MacStudio ARM M1 Max Qemu//Pegasos2 AmigaOs4.1 FE / AmigaOne x5000/40 AmigaOs4.1 FE
clib4 except for few programs was used by almost anyone except me.. That's why we decided to bump to version 2. I think that we'll be no other breaking versions at least in crtbegin. In any case the UnLock error wasn't an incompatibility between version but an error on clib4 for some reasons wasn't show on clib4 1.6.. OS4 mysteries..
Not possible on AmigaOS, we only have 2 numbers. Especially for libraries, devices, etc., in which the two uint16 Version and Revison numbers are taken from the embedded struct Resident and struct Library/Device and not from a parsed $VER: string. But even for example for executables, docs, includes, etc. in which there only is the $VER: string using something like 1.2.3 would be a very bad idea as it fails with everything parsing the string (C:Version, AmiUpdate, ...) according to the AmigaOS $VER: standard.

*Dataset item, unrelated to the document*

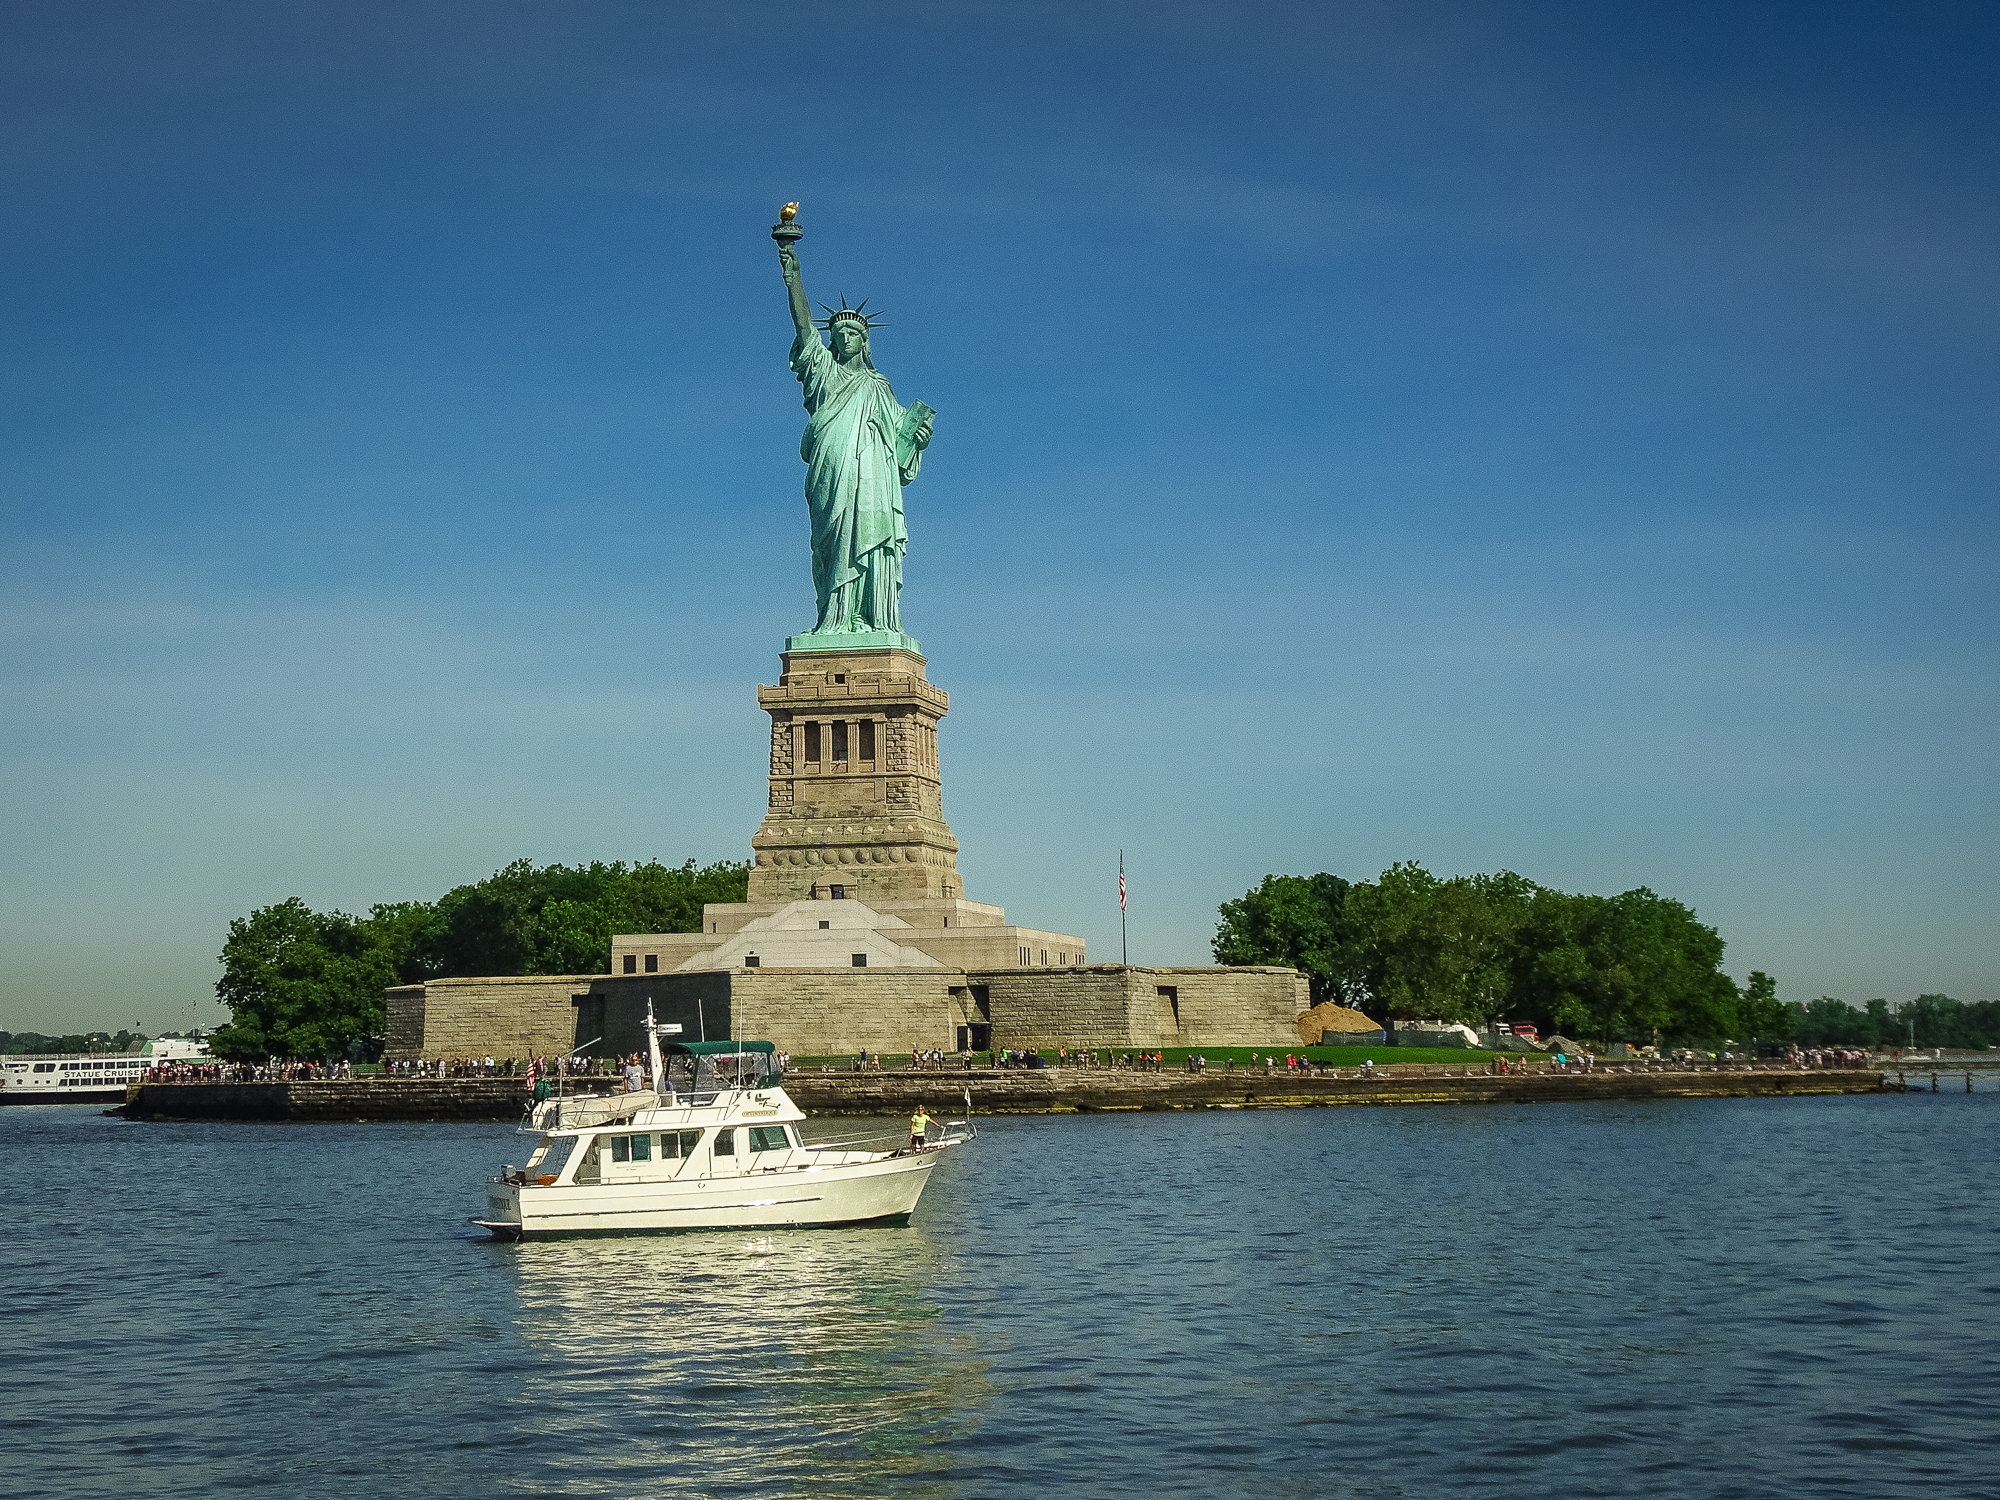 Can You Swim In The Hudson River Near The Statue Of Liberty Cruising The Big Apple And The Hudson Rivercommuter Cruiser Commuter Cruiser

Edit: The wiki article is incomplete, at least for AmigaOS 4.x. It's "$VER: <name> <version>.<revision> (<dd>.<mm>.<yyyy>) <comment>" with <comment> being an unparsed string displayed as is by C:Version FULL which can contain anything, often used for copyright notes. Using something like
$VER: foobar 1.515 (24.8.2025) 1.2.3
(revision 515 = 2<<8 + 3) would be an option.
Edited by joerg on 2025/8/24 15:59:41 Edited by joerg on 2025/8/24 16:03:49 Edited by joerg on 2025/8/24 16:04:40
Another incompatibility is the fact that in Amiga versioning, neither the version nor the revision is ever 0. Both start at 1 - the first version or revision.